La maggiore criticità su cui lavorare?

La mancanza di una visione sistematica. Politiche ed interventi non vengono concepite in relazione alla più vasta e complessa rete logistica multimodale che innerva la penisola. Di fatto manca una visione di come si relazionano tra loro i porti e questi ultimi con la rete logistica ferroviaria e stradale e con i nodi a terra, interporti e retroporti. Senza dimenticare ZES e ZLS che potrebbero attivare un fattore moltiplicatore dei traffici. 

Sarà necessaria una nuova riforma portuale?

Andranno sicuramente affrontate le criticità della riforma Delrio che pur è stata caratterizzata da aspetti positivi. Ma ci sono concetti fondamentali che devono passare: abbiamo ben 16 enti portuali che fanno riferimento, in un modo o nell’altro, a 16 regolamentazioni differenti. Non è possibile muoversi in un contesto di tale frammentarietà nell’affrontare questioni rilevanti, non solo sotto l’aspetto economico, come gli investimenti e il rilascio delle concessioni.  

Cosa chiederebbe alla nuova normativa?

Finora si è assistito ad un dibattito poco chiaro. Il rischio è quello di impantanarsi nei discorsi da convegno. Per la parte che concerne imprese e terminalisti sicuramente l’intervento di riforma non può e non deve concludersi con una semplice modifica dell’architettura istituzionale delle attuali AdSP. Quale che sia la futura natura giuridica degli enti portuali, o dei loro organi, resta l’esigenza di restituire un ruolo effettivo alle rappresentanze degli operatori che oggi sono relegati in un ruolo di partenariato di dubbia utilità. Inoltre, a prescindere dall’assetto futuro del soggetto di amministrazione dei porti riteniamo da scongiurare l’ipotesi che il regolatore possa anche svolgere attività in concorrenza con i soggetti da esso regolati. C’è poi la questione burocratica. 

Dove intervenire?

Come accennavo prima c’è un sistema di sovrapposizione di regole, compiti, vincoli e competenze i cui nodi vanno sciolti a favore di una burocrazia sensibile alle esigenze di sviluppo e produttività che, a loro volta, possono creare ricchezza e occupazione sul territorio. Di certo non servirà creare nuove entità istituzionali o amministrative, considerando la commistione di competenze già esistente dalla compresenza di MIT, MEF, ART, AGCM, etc. O si fanno scelte nel senso della semplificazione anche su questo fronte, o il nostro sistema diverrà sempre meno performante e attrattivo anche per potenziali investitori. Si pensi al fallimento del tavolo di coordinamento nazionale delle AdSP. Esiste solo sulla carta. 
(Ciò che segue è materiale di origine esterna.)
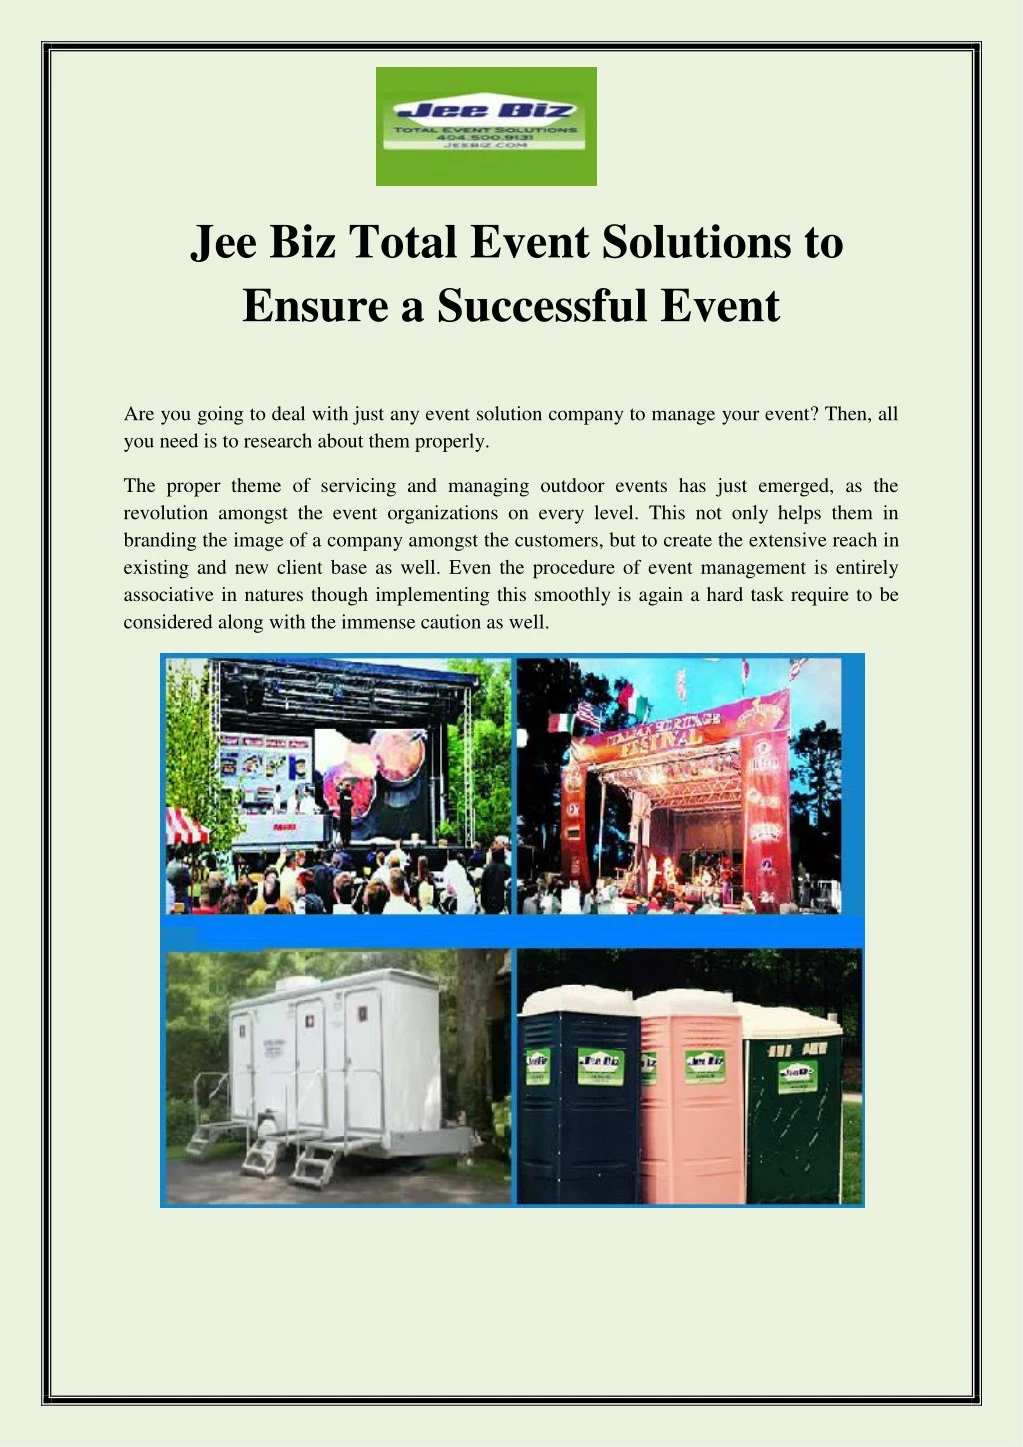 jee biz total event solutions to ensure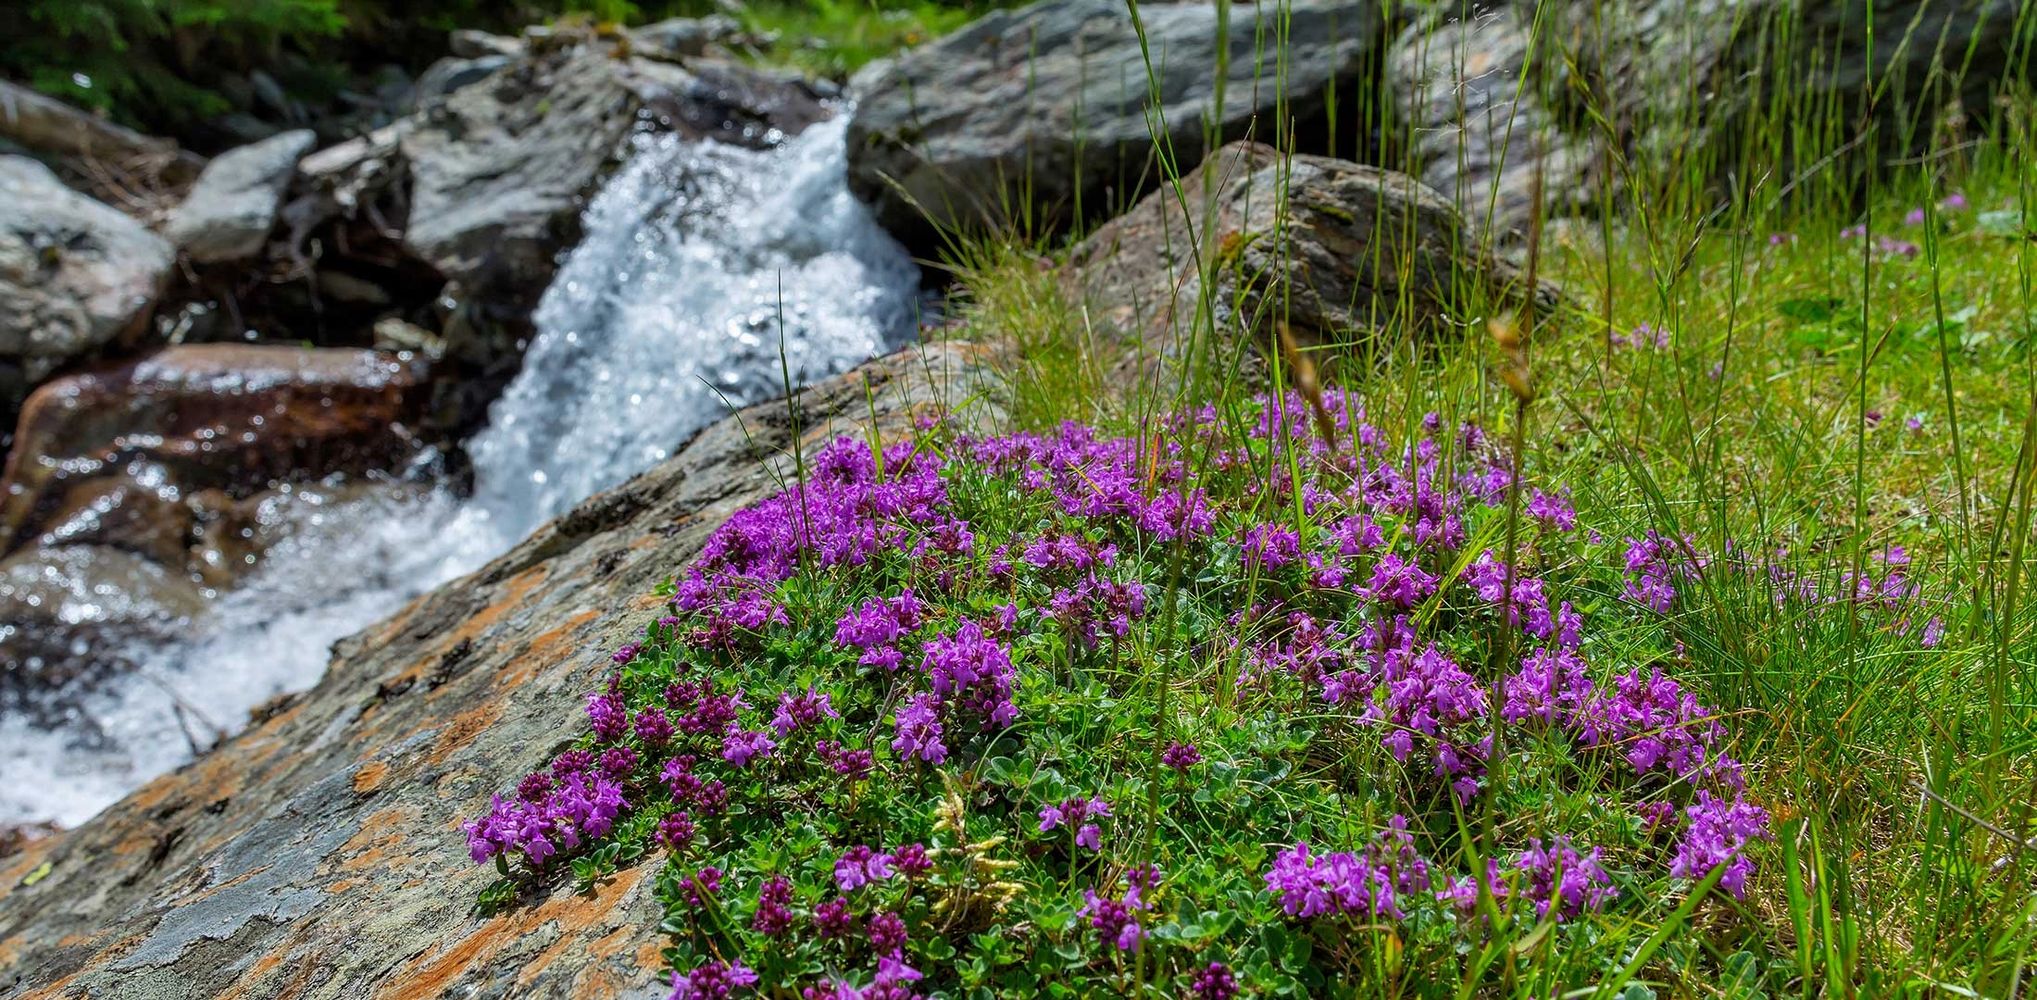 Purple flowers and grass next to a fresh water waterfall - Earth as the Garden of Eden

Sulla fluidità normativa quali sono le proposte concrete?

L’ambito di competenza dell’ente amministrativo deve essere chiaro e inequivocabile.  Su temi essenziali come rilascio delle concessioni, autorizzazioni, tutela sociale e sicurezza dei lavoratori, determinazione delle tasse e dei diritti marittimi, fino a tutti gli altri costi e obblighi che gravano sulle imprese bisogna dotarsi di strumenti di pianificazione e programmazione efficaci, al pari della certezza dei tempi di redazione degli atti. L’elenco delle cose da fare è lungo: assicurare tempi rapidi di realizzazione delle infrastrutture e in primo luogo degli escavi dei fondali; garantire la continuità agli interventi finalizzati al sostegno della formazione professionalizzante, anche dei dipendenti delle imprese ex artt. 16 e 18; dare attuazione e ulteriormente alimentare il fondo per l’incentivazione del prepensionamento dei lavoratori portuali, nonché qualificare come lavori usuranti specifiche figure professionali, con il duplice obiettivo di garantire un’organizzazione del lavoro più agevole e più elevati livelli di sicurezza. 

16 AdSP, ancora troppe?

È auspicabile un ridimensionamento del loro numero. Tra l’altro meno autorità portuali significherebbe rendere più semplice l’omogeneizzazione delle regole e la possibilità di coordinare una “politica logistica” realmente in linea con le esigenze del nostro sistema produttivo. Senza contare la possibilità di poter scegliere da rose più ristrette e competenti i presidenti di AdSP più adatti ai compiti da eseguire. 

Cosa non la convince nelle attuali figure dei presidenti? 

Parlo per esperienza personale, rispetto alle vicissitudini che alla guida di un terminal vivo quotidianamente a Napoli. Conoscere a fondo la macchina amministrativa dello stato è condizione necessaria ma non sufficiente per gestire un porto. A maggior ragione se parliamo di scali al servizio di un sistema produttivo vocato alla trasformazione e all’export come in Italia. Servono manager con grandi conoscenze dei flussi economici internazionali, con esperienze dirette dei sistemi portuali con cui dobbiamo confrontarci per accaparrarci i traffici. Africa, USA, Nord Europa, Cina sono l’orizzonte da cui si possono trarre insegnamenti importanti per fare bene in Italia. E ad oggi sono realtà frequentate e conosciute a fondo solo dal settore privato. Per gestire il rilancio del sistema logistico portuale italiano serve gente all’altezza della sfida. Altrimenti si rischia di vanificare il grande interesse, e le risorse, che la politica in questi ultimi anni ha dirottato sul nostro comparto.

Oltre la riforma, quali sono le altre priorità?       

Nell’attesa, sarà necessario affrontare a fondo il tema delle concessioni avviando al più presto un confronto tra MIT e rappresentanze degli operatori, almeno per intervenire sulle “linee guida”. Ci sono aspetti che non mi convincono. Ci sarà modo di parlarne prossimamente.